Applications for countering online advertising fraud on desktops aren’t necessarily applicable to mobile environments and so as the mobile market has grown, fraudsters have crept in. The issue is yet to be solved. In fact, in markets where mobile phone use and accompanying digital spend have grown rapidly, such as in South-East Asia, mobile ad fraud has soared. According to the latest media quality report of the region by US-based ad data measurement company Integral Ad Science, Singapore is the most vulnerable country in South-East Asia to fraud and it is also one of the most advanced markets.  

This suggests that mobile ad spending is particularly vulnerable to a barrage of click bots generating fake clicks, among other types of fraud.  

Poaching organic growth 

Another issue facing mobile marketers is when a fraudster effectively steals the organic download of an app, for example, and registers the download as a click for an ad instead. That means the business owner of the app does not know how much organic interest their app has achieved, and thinks that a certain source performs better than it does. 

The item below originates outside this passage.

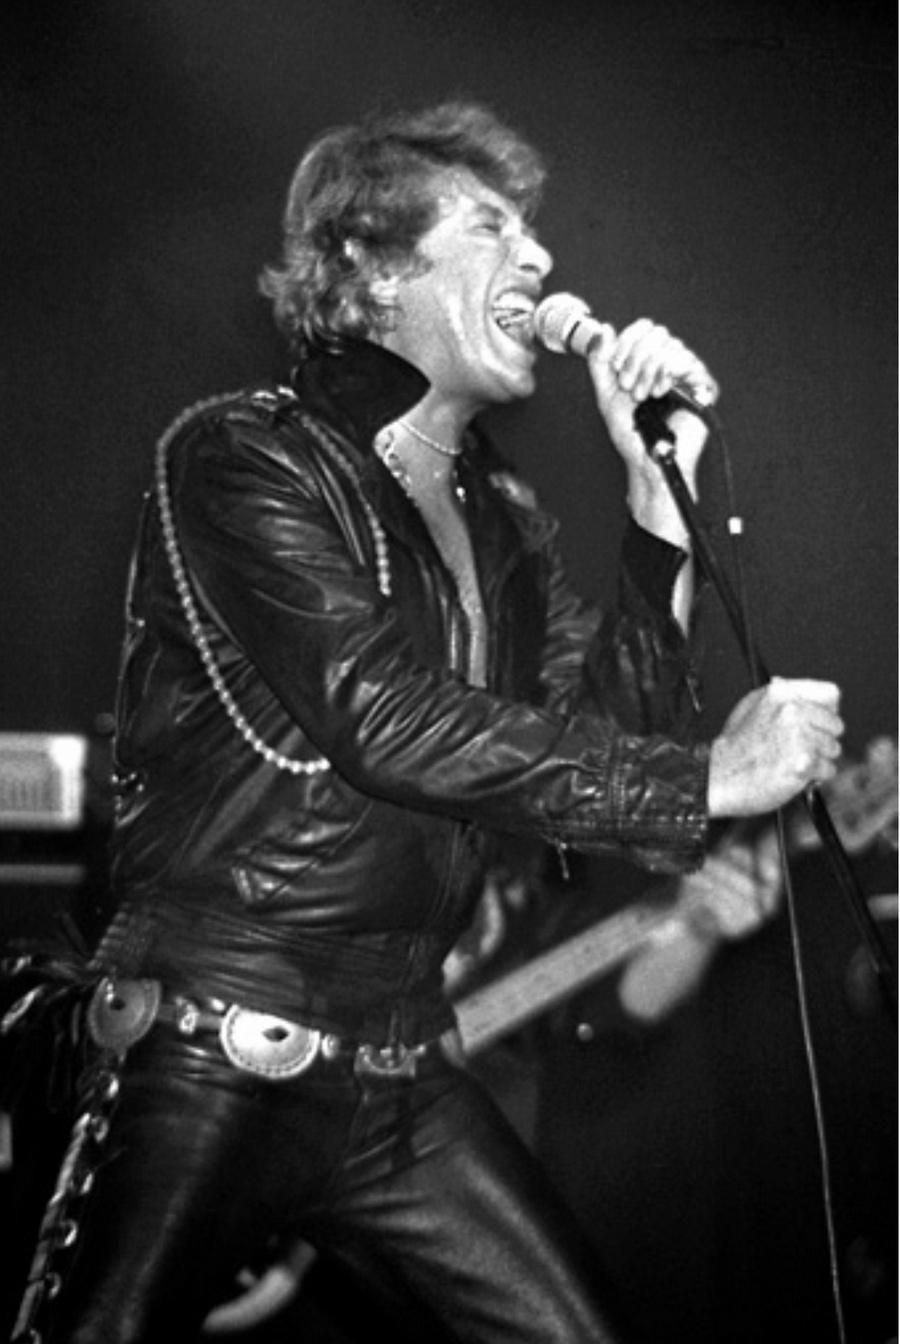 LES CONCERTS DE JOHNNY 'TOURNEE NIGHT RIDER BAND TOUR 1981' Captu905

App downloads that generate clicks for ads when they were, in fact, an organic download means marketing departments get the wrong info about ROI. This means other potential well-performing channels for user engagement are not pursued, because your organic growth isn’t being tracked.   

Impression laundering and ‘ad stacking’ 

Ad stacking is a form of mobile ad fraud that involves taking users who have clicked on an ad through a series of other ads that they don’t see but still register as “clicks.” Even if you don’t knowingly engage with a fraudulent publisher, one could claim that they did get engagement and require payment. 

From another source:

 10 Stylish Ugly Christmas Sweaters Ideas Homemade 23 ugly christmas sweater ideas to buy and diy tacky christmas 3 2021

This means unscrupulous ad clicks are laundered through legitimate impressions. Similarly, a fraudster could claim an ad has been provided when because of the other ads layered over the top it was only partly visible. 

Background ads  

It is generally thought that Android phones are more vulnerable to ad fraud than Apple devices – adding more fire to the Apple vs Android debate. That’s because Android is open-source software for different manufacturers to use and because Apple has a fairly strict approval system for getting an app published on the App Store.  

App spoofing 

This is “mobile cousin” of domain spoofing, a form of desktop browser ad fraud, according to Campaign magazine. 

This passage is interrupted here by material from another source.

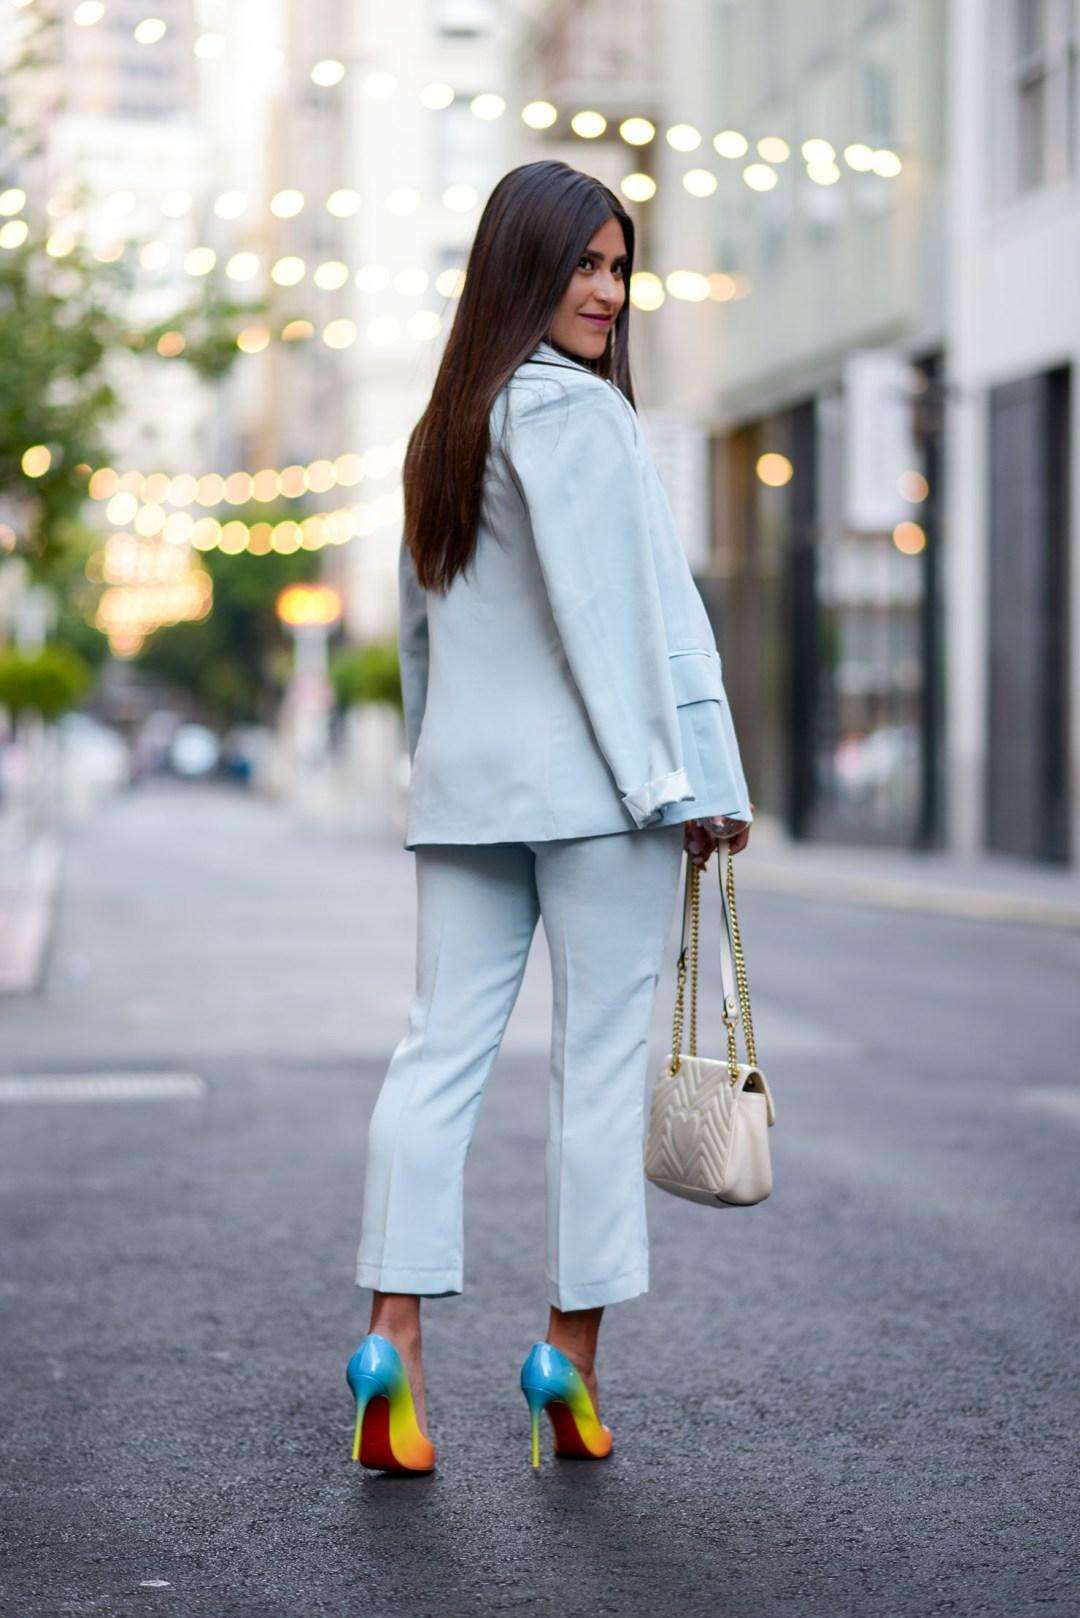 Lifestyle blogger Kelsey Kaplan of Kelsey Kaplan Fashion wearing blue suit and rainbow Christian Louboutin Pigalle Pumps

But rather than creating an impression from a fake URL (pretending to be from a premium site for ads to feature on) the mobile version sends a fake bundled ID from a fraudulent app. It makes the ad impression register as one that has come from a premium app, when it fact, it has not.  

It works in the same way as domain spoofing – and means that the ad impression could actually be coming from a brand unsafe source but leads to brands and advertisers coughing up payment for a premium ad.  

What are the costs? 

The U.S.-based ad data measurement company Integral Ad Science confirms the high costs of ad fraud. Their media quality report from 2018 states that while estimates of the cost vary, each estimate is in the billions of dollars. 

Consequently, 36.8% of brand advertisers and 45.3% of agencies told them they planned to prioritize ad fraud mitigation.  

Integral Ad Science tracked the difference in performance between results that hadn’t been optimized for ad fraud, and those that had. They found that the benchmarks for conversion were far lower (10x lower) for mobile ad display that had been optimized for ad fraud, compared to those that hadn’t. 

Combatting mobile ad fraud is a bit like a game of cat and mouse — one that affects the work of app developers, brands and digital marketers alike who all want to see real ROI. But with the right tools for staying ahead, its influence can be minimized.